At 21, I told my mom I wanted to become a yoga teacher. With the best of her intentions she explained to me why it's a bad idea and like a good people pleaser, I let go of my dreams and moved on.
For many years I didn’t know what I wanted for my life - how do I want to live my life and what do I want to do for a living. Or actually, deep inside I knew what I wanted but it was blocked and hidden behind fears. Fears of not being accepted or approved, fears of not being successful, fears of not being able to make a living, etc.
So I followed the path paved for me by others… I followed SHOULDS.

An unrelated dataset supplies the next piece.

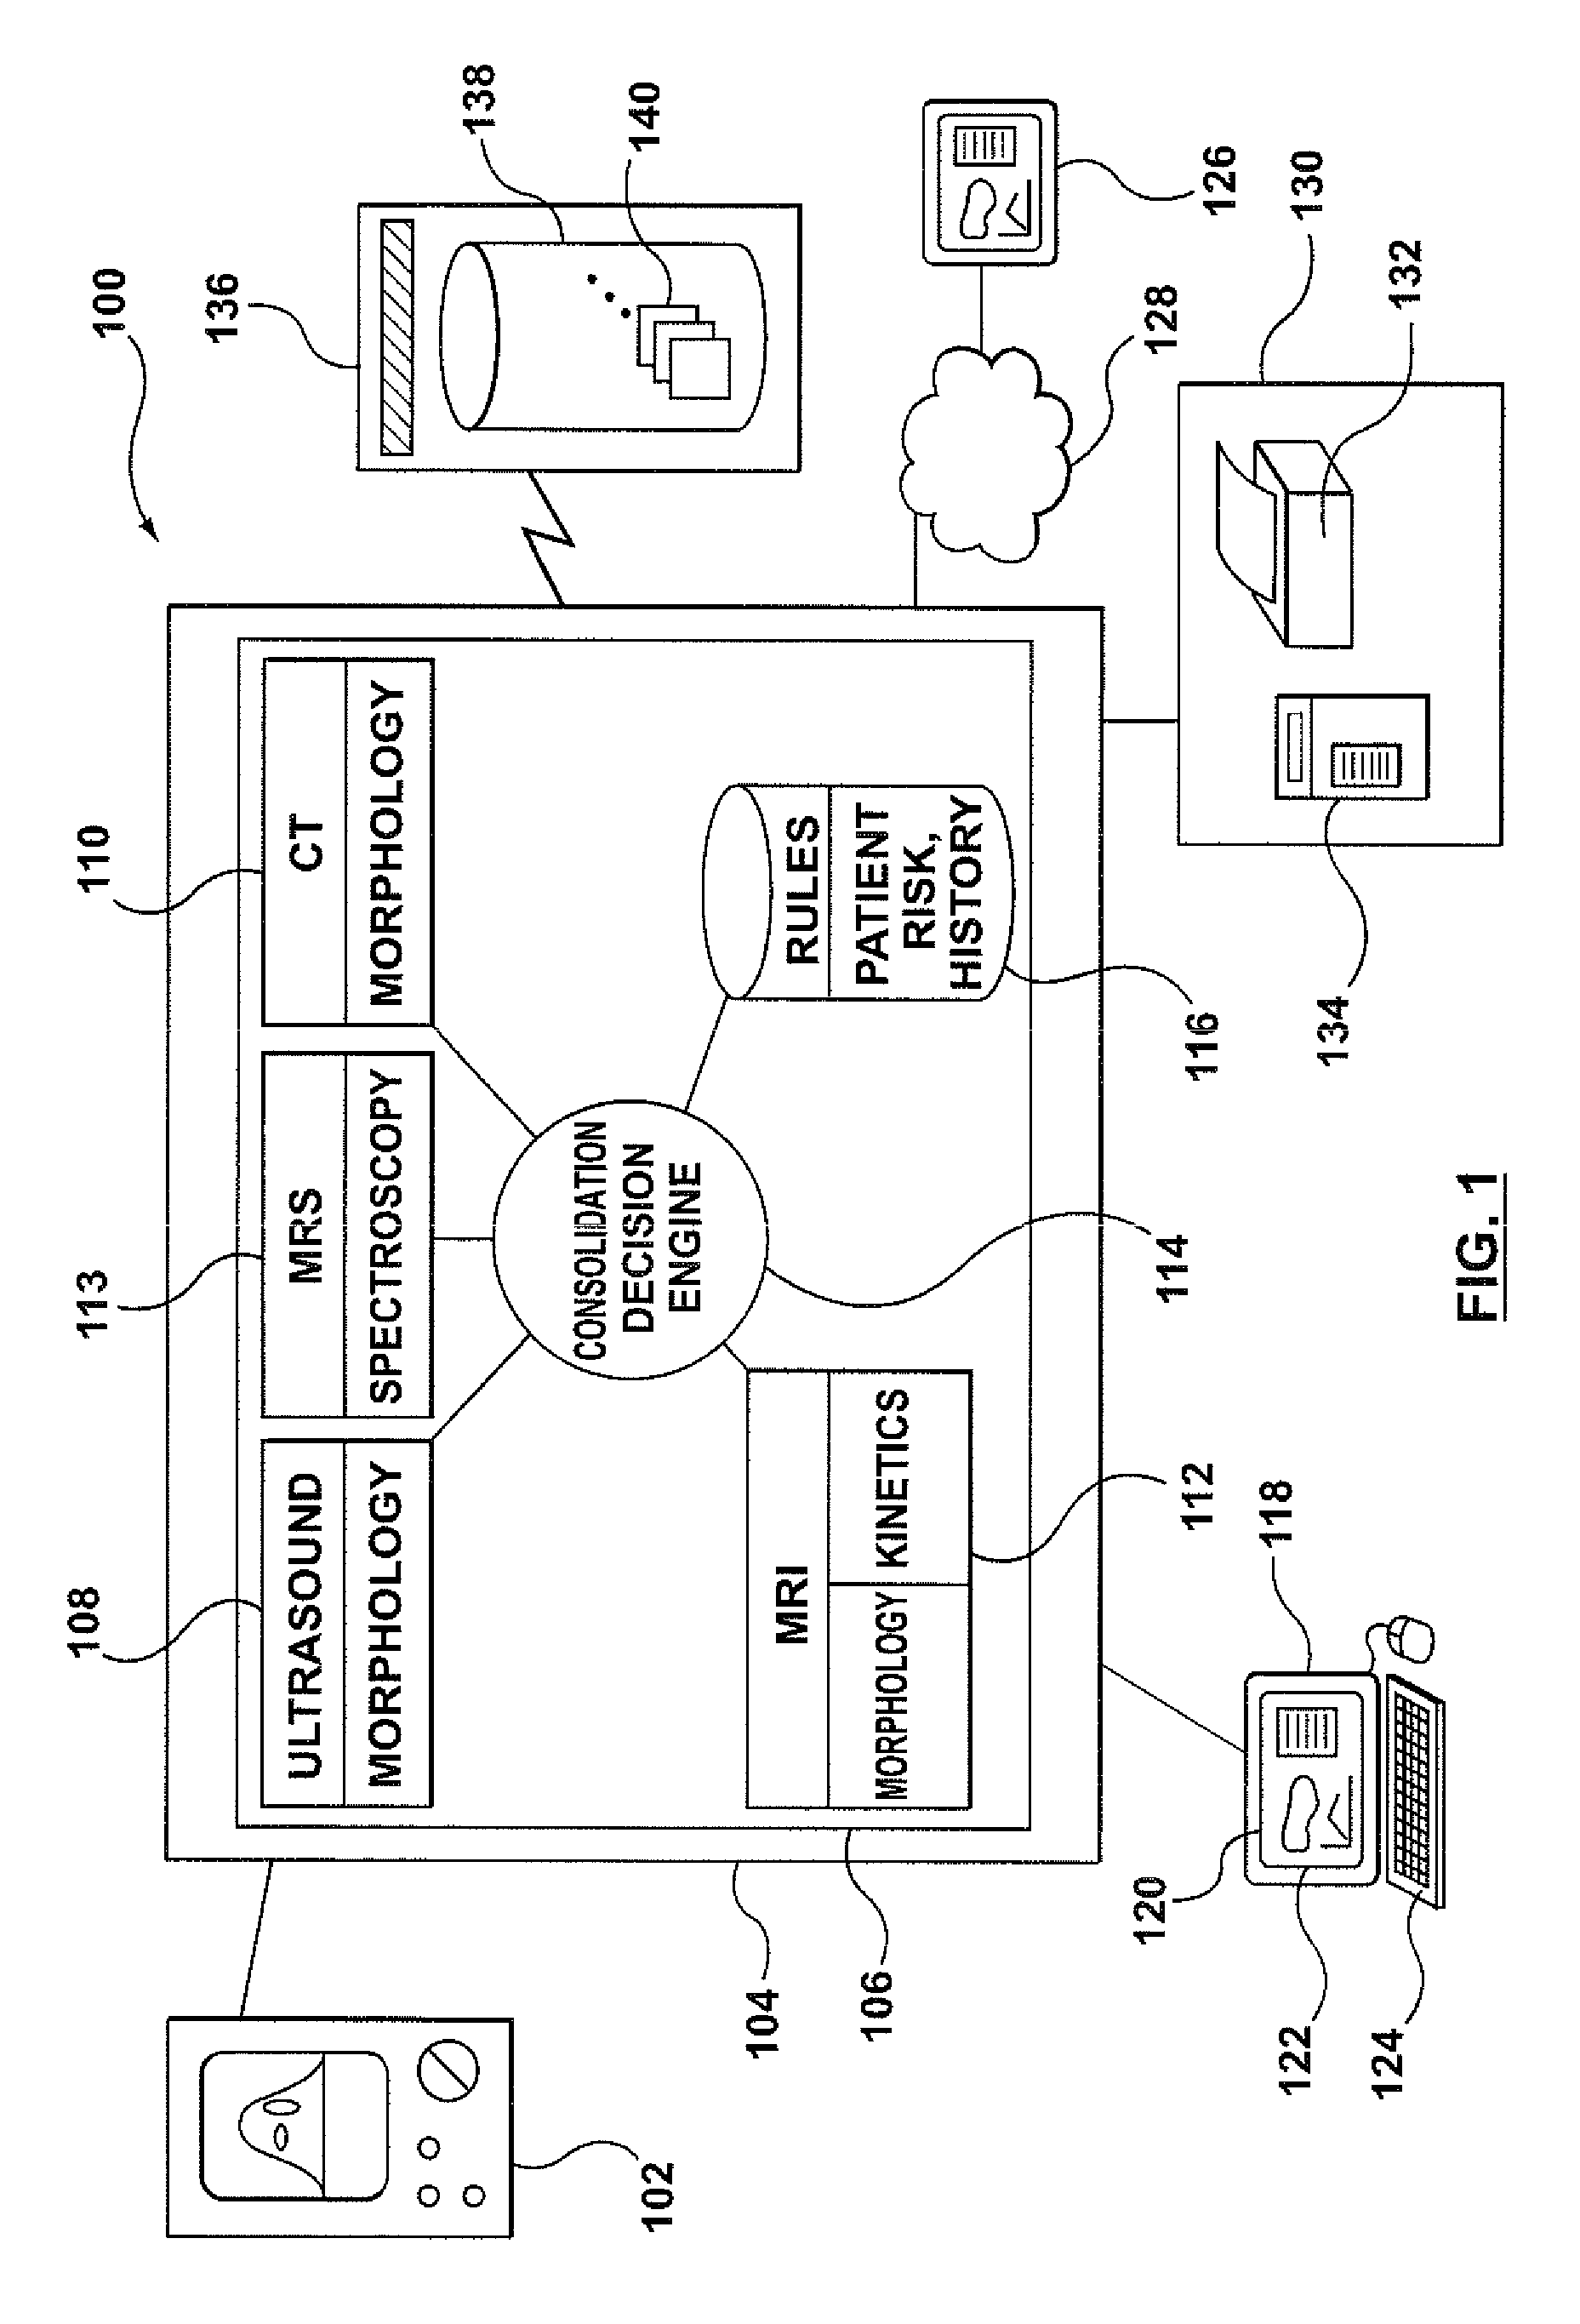 Method and system of computer-aided quantitative and qualitative analysis of medical images

With what I ate and how I exercised. What I chose to wear and who I dated. With choosing jobs and exploring possible career paths.
For years I believed that everyone, but me, knows what’s good for me.
I was SHOULDING everything. Big and small.
I’d be lying if I said that shoulds never cross my mind or that I’m 100% free from shoulds, but I’m so much more resilient to them. They no longer control my life.
I believe, and know that it's 100% possible to develop the practices, tools, self-trust, connection, and resilience to honor your heart in a world that throws a million 'shoulds' at you every single day.
I've experienced this growth myself and it's a joy to watch my clients experience it, too.
I’ve created a short video for you about shoulds, explaining what they are, how they don’t serve you and how you can start working through them. You can watch it here.
Here’s something you need to know about shoulds --
SHOULDS ARE FEAR IN DISGUISE.
And the great thing about letting them go, is that it reveals what we were so longing to protect - our deepest truest desires.
What are your biggest fears behind letting go of your shoulds?
What has following shoulds cost you?
What does following shoulds mean about your life?
How has following shoulds been holding you back?
What might open up for you when you let go of your shoulds?